The Spanish art that demonized the Jews

Pepe Serra, the director of the MNAC, admits that when he curated the exhibition The Lost Mirror. Jews and converts in Medieval Spain, Joan Molina, told him that he was going to display the trunk of a vine inside a display case, he thought it was a joke. But there is the Christ of the vine, a trunk roughly hewn by a Jew from Toledo in the 15th century. He met him by chance while he was pruning his vineyard, and he, who until then mocked the Christian religion, was ipso facto converted. Not only was it his Christian identity passport (a good protection after the progroms of 1391), but, three centuries later, that image would go out in a procession to pray for the drought.

Less luck arose for a three or four year old boy from Tàrrega whose precious amulet, which was supposed to protect him (a hand of Fátima, there are pendants of jet, coral, bone…), was found in 2007 in a common grave next to the remains of another 69 people, victims of the massacre of the local Jewish community in 1384. It was one of the many massacres that occurred in the Iberian Peninsula as a result of the outbreak of the plague (they were blamed for the epidemic). “But this is not an exhibition of history, but of the history of images and how they were used in the Middle Ages to look at others in a certain way to confirm ourselves,” says Molina, professor at the University of Girona and curator of Spanish Gothic painting at the Prado, the museum where the fabulous exhibition co-organized with the MNAC comes from and whose rooms were visited by 100,000 people.
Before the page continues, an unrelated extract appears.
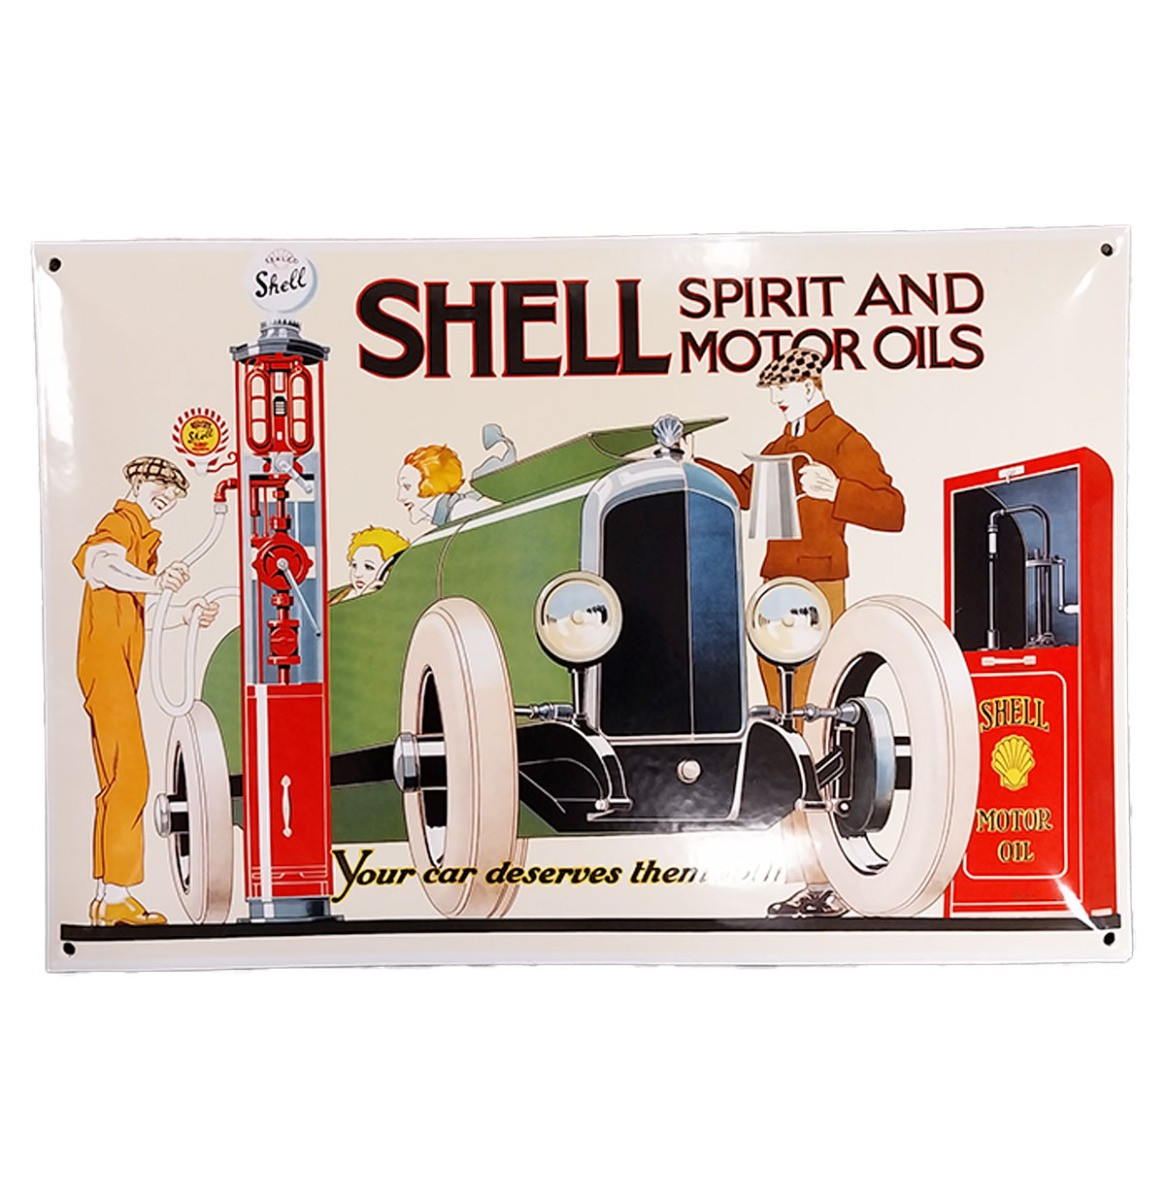 Shell Spirit And Motor Oils Emaille Bord - 52 x 35cm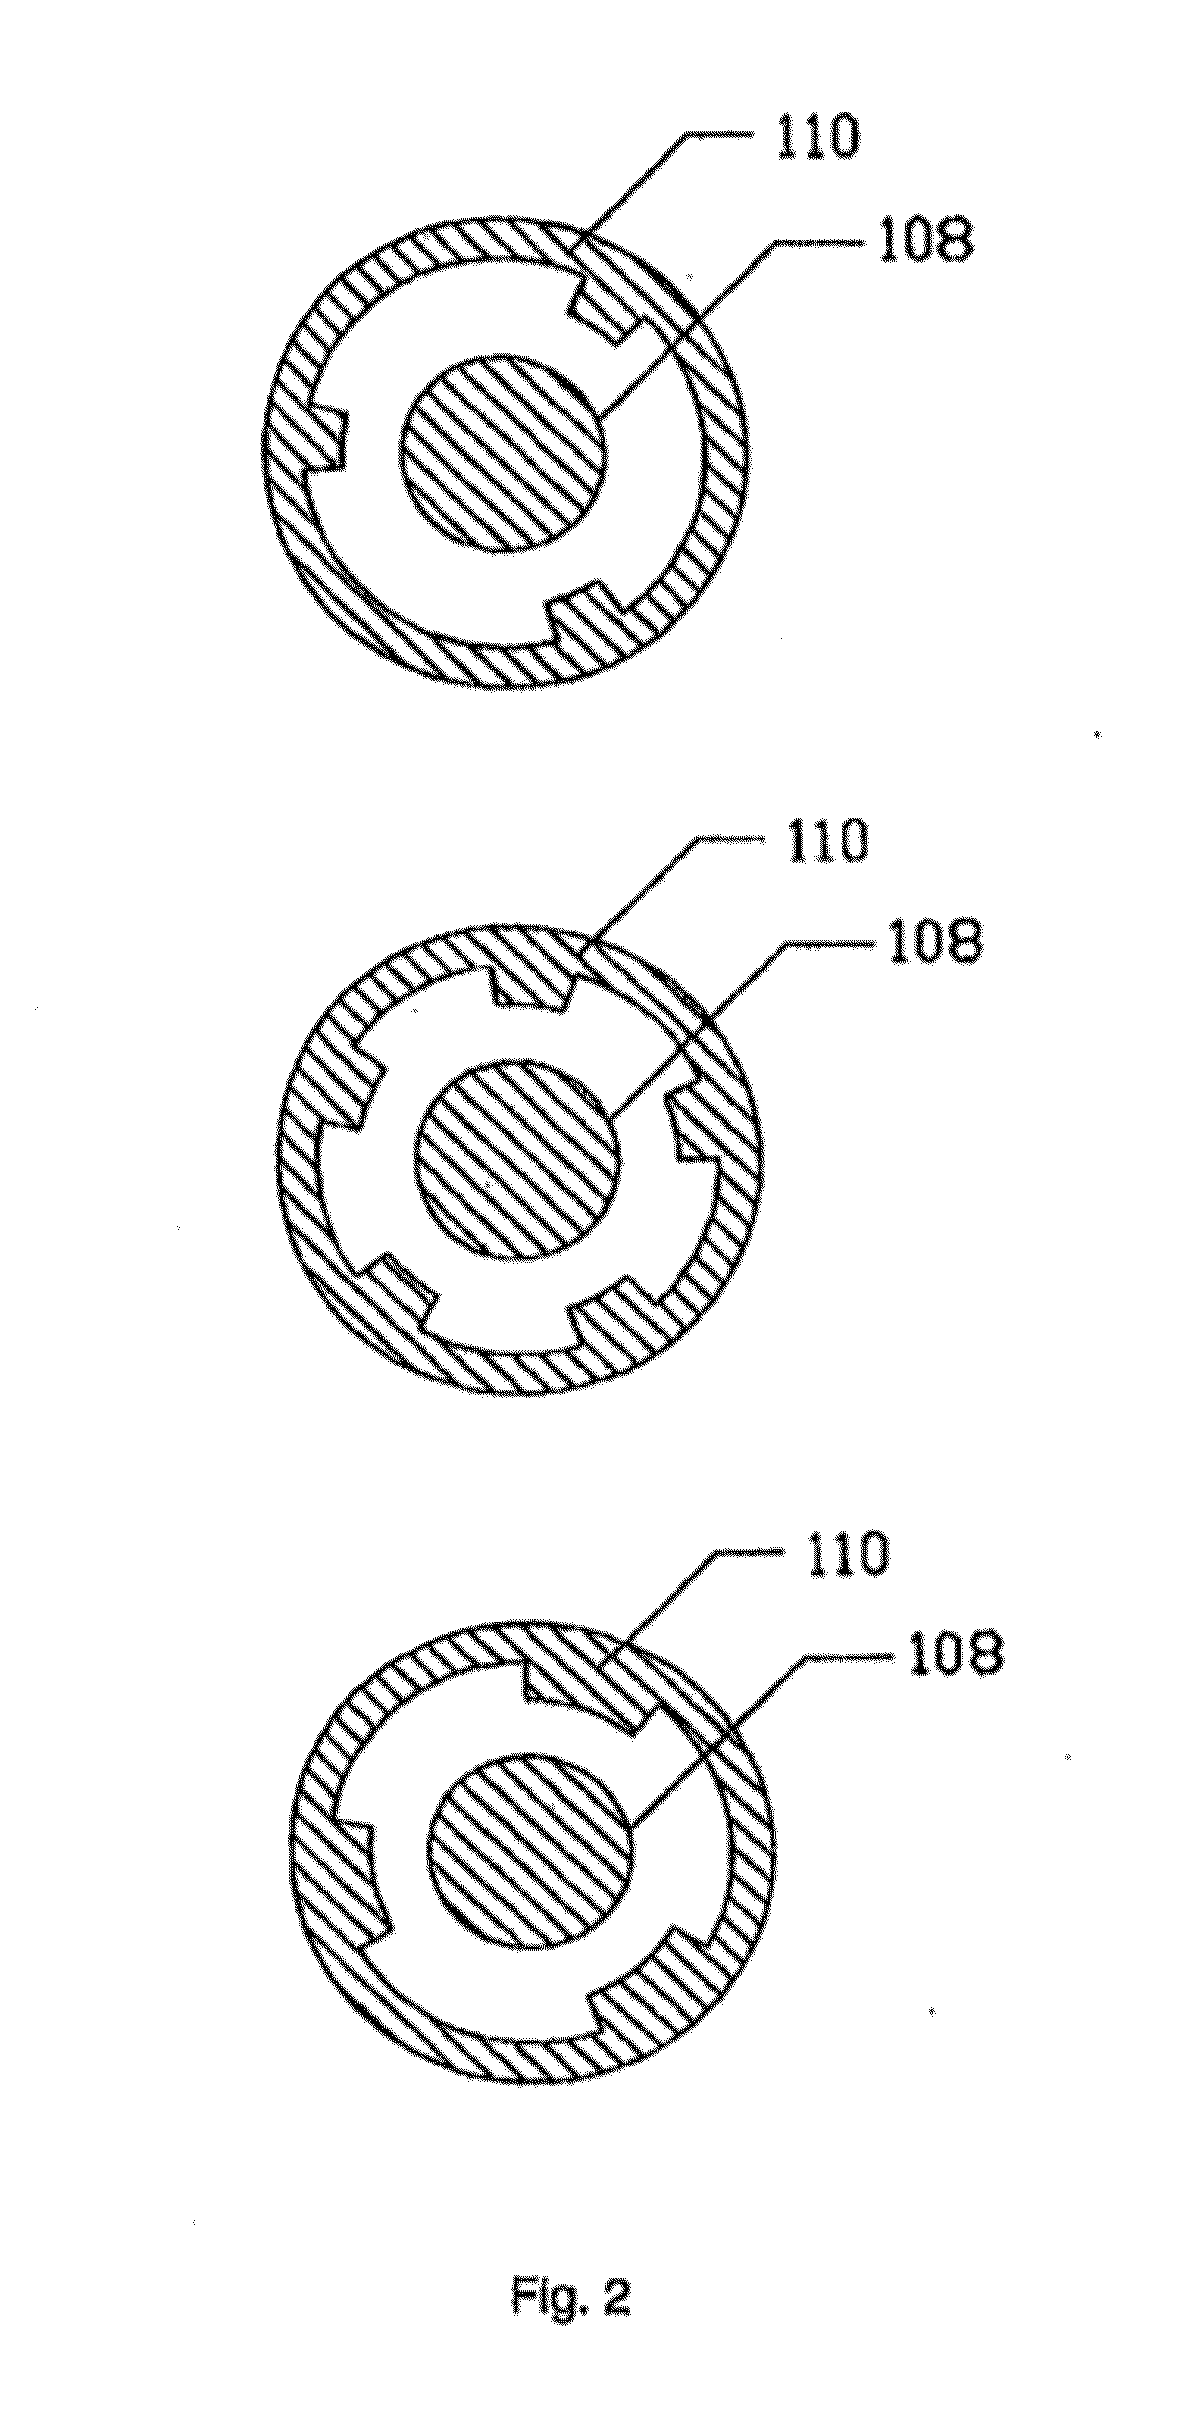 Apparatus and Method for Supplying Electrical Power to an Electrocrushing Drill

The lost mirror. Jews and converts in Medieval Spain (from this Friday until May 26) is a thesis exhibition: “Difference exists, but otherness is constructed. And what it shows is how the stigmatization of the Jews was a reflection of the Christian mirror, of their beliefs and anxieties, a powerful instrument of identity identification,” emphasizes Molina, who acknowledges that at the beginning, when he explained the project to directors of large museums British and American, ran into a wall of skepticism. Quite the opposite of what happened with the international media, which landed in Madrid and highlighted it as one of the most relevant of the year.

“There are very beautiful exhibitions and this one is, but it is also important and necessary. “It enters into a larger caliber,” says Miguel Falomir, who confesses that he had never seen so many people reading the signs (there are many, each word measured with precision: the subject is delicate), because “it enters through the eyes but also You read the explanations next to the pieces, the experience is extraordinary.”

Nor is it an exhibition about Jewish life on the Peninsula. In fact, there are only three haggadahs, illuminated manuscripts with a format similar to that of Christian codices, testimony to a time when coexistence was possible despite religious differences. But little by little the story acquires darker and more belligerent overtones, when from the 12th century onwards they begin to represent the Jews as blind and deaf (due to their inability to accept the divine nature of Jesus). On a platform, there are two polychrome wood carvings from the years 1250-1300. One represents the Church, a crowned young woman; the other, to the Synagogue, with a blindfold over his eyes and his head bowed in a gesture of sorrow. “This form of representation contributed to their stigmatization and made the possibility of reconciliation difficult,” Molina argues.

But the worst is yet to come. In a context of systemic violence, a mechanism of anti-Jewish propaganda is launched through art of enormous popular significance. The Jew as a monster, proof of his lack of morals, who desecrates hosts and flagellates Christ. Caricatured by the notaries themselves in the books where the loans of Catalan Jews are recorded. Or the images of the Cantigas de Santa María by Alfonso Despite this, the board remains intact and also exudes a sweet fragrance. They are the bad guys, cruel and monstrous beings, in the representations of the Passion, showing cruelty in the face of Christ’s pain.

Up to this point, Moreno points out, the images have many similarities with those produced in other European territories, but the last area, the one dedicated to the converts, “is very particular, because it speaks of an issue that affects our history, the of Spain and Catalonia, due to the stigmatization that the converts, the new Christians of Jewish descent, suffered after the terrible pogroms of 1391, and many were forcibly baptized, or embraced Catholicism to save their skin or out of interest. The suspicions that arose around them led to images that served both to accuse them of being false Christians and to save themselves, such as the aforementioned Cristo de la Cepa. And the converts, as Bartolomé Bermejo surely was, encrypted in their paintings beliefs typical of Judaism (it represents Christ showing sex under a transparent veil (a symbol of his humanity).

But it is after the Spanish Inquisition of 1478 when “we went from anti-Judaism to racism, because we are talking about blood, about the descendants of Jews who are considered impure because their blood was contaminated.” The iconography is now filled with converts prosecuted and burned as heretics, as in the inquisitorial auto-da-fé presided over by Santo Domingo, by Guzmán Pedro Berruguete, in which two Jews will be burned while three others will be dressed in sambenitos, in which they It reads: “condemned erotic.” Some “infamous” signs that later, the commissioner concludes, hung in the churches and remained there for centuries to stigmatize their descendants “until four days ago.”